[scheduler]: ACLs phase 1 - per Job ACL specification and enforcement.

scheduler/appengine/catalog/catalog.go

Index: scheduler/appengine/catalog/catalog.go
diff --git a/scheduler/appengine/catalog/catalog.go b/scheduler/appengine/catalog/catalog.go
index 4d3901a4c07b5b84b4c1de3231065244ef8b566d..985ac940ac1733e4c6c65b892c3b3b8599bfca7d 100644
--- a/scheduler/appengine/catalog/catalog.go
+++ b/scheduler/appengine/catalog/catalog.go
@@ -33,6 +33,8 @@ import (
 	"github.com/luci/luci-go/luci_config/server/cfgclient"
 	"github.com/luci/luci-go/luci_config/server/cfgclient/textproto"
 
+	"github.com/luci/luci-go/common/errors"
+	"github.com/luci/luci-go/scheduler/appengine/acl"
 	"github.com/luci/luci-go/scheduler/appengine/messages"
 	"github.com/luci/luci-go/scheduler/appengine/schedule"
 	"github.com/luci/luci-go/scheduler/appengine/task"
@@ -40,7 +42,8 @@ import (
 
 var (
 	// jobIDRe is used to validate job ID field.

[Vadim Sh., 2017/08/01 01:56:19]

remove this comment or add a similar one to aclSetIdRe

[tandrii(chromium), 2017/08/01 22:50:01]

Done.

-	jobIDRe = regexp.MustCompile(`^[0-9A-Za-z_\-\.]{1,100}$`)
+	jobIDRe    = regexp.MustCompile(`^[0-9A-Za-z_\-\.]{1,100}$`)
+	aclSetIdRe = jobIDRe

[Vadim Sh., 2017/08/01 01:56:19]

nit: aclSetIDRe

[tandrii(chromium), 2017/08/01 22:50:01]

This isn't used actually, and name was wrong anyway.
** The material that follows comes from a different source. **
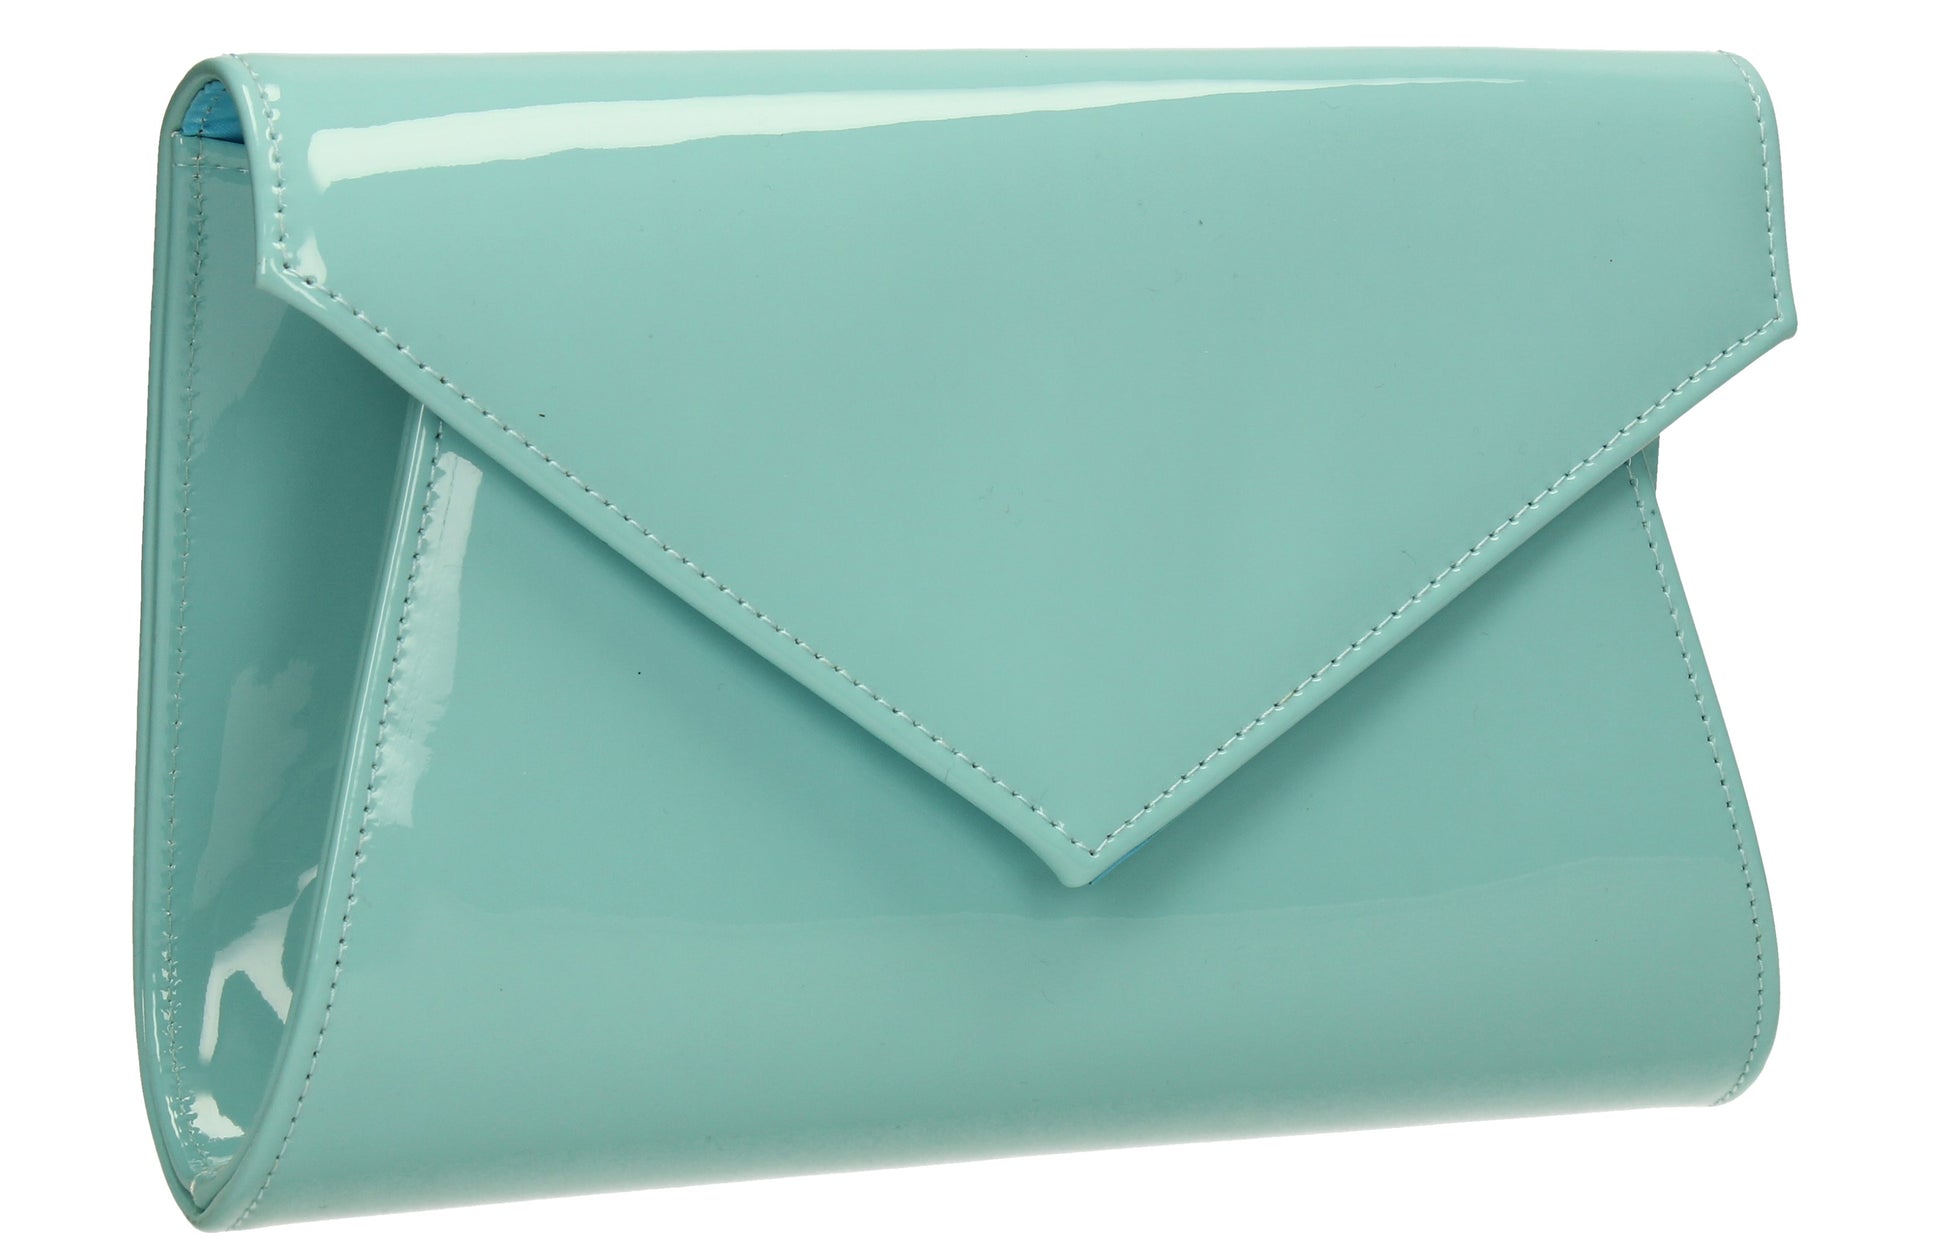 SWANKYSWANS Chrissy Envelope Clutch Bag Blue Cute Cheap Clutch Bag For Weddings School and Work

Removed.
FTR, it's defined in acl.go.

 )
 
 const (
@@ -112,6 +115,9 @@ type Definition struct {
 	// JobID is globally unique job identifier: "<ProjectID>/<JobName>".
 	JobID string
 
+	// Acls describes who can read and who owns this job.
+	Acls acl.GrantsByRole
+
 	// Flavor describes what category of jobs this is, see the enum.
 	Flavor JobFlavor
 
@@ -194,8 +200,8 @@ func (cat *catalog) GetAllProjects(c context.Context) ([]string, error) {
 }
 
 func (cat *catalog) GetProjectJobs(c context.Context, projectID string) ([]Definition, error) {
-	// TODO(vadimsh): This is a workaround for crbug.com/710619. Remove it once
-	// the bug is fixed.
+	// TODO(vadimsh): This is a workaround for http://crbug.com/710619. Remove it
+	// once the bug is fixed.
 	projects, err := cat.GetAllProjects(c)
 	if err != nil {
 		return nil, err
@@ -238,6 +244,12 @@ func (cat *catalog) GetProjectJobs(c context.Context, projectID string) ([]Defin
 		logging.Infof(c, "Importing %s", revisionURL)
 	}
 
+	knownAclSets, err := acl.ValidateAclSets(cfg.GetAclSets())
+	if err != nil {
+		logging.Errorf(c, "Invalid aclsets definition %s: %s", projectID, err)
+		return nil, errors.Annotate(err, "Invalid aclsets in a project %s", projectID).Err()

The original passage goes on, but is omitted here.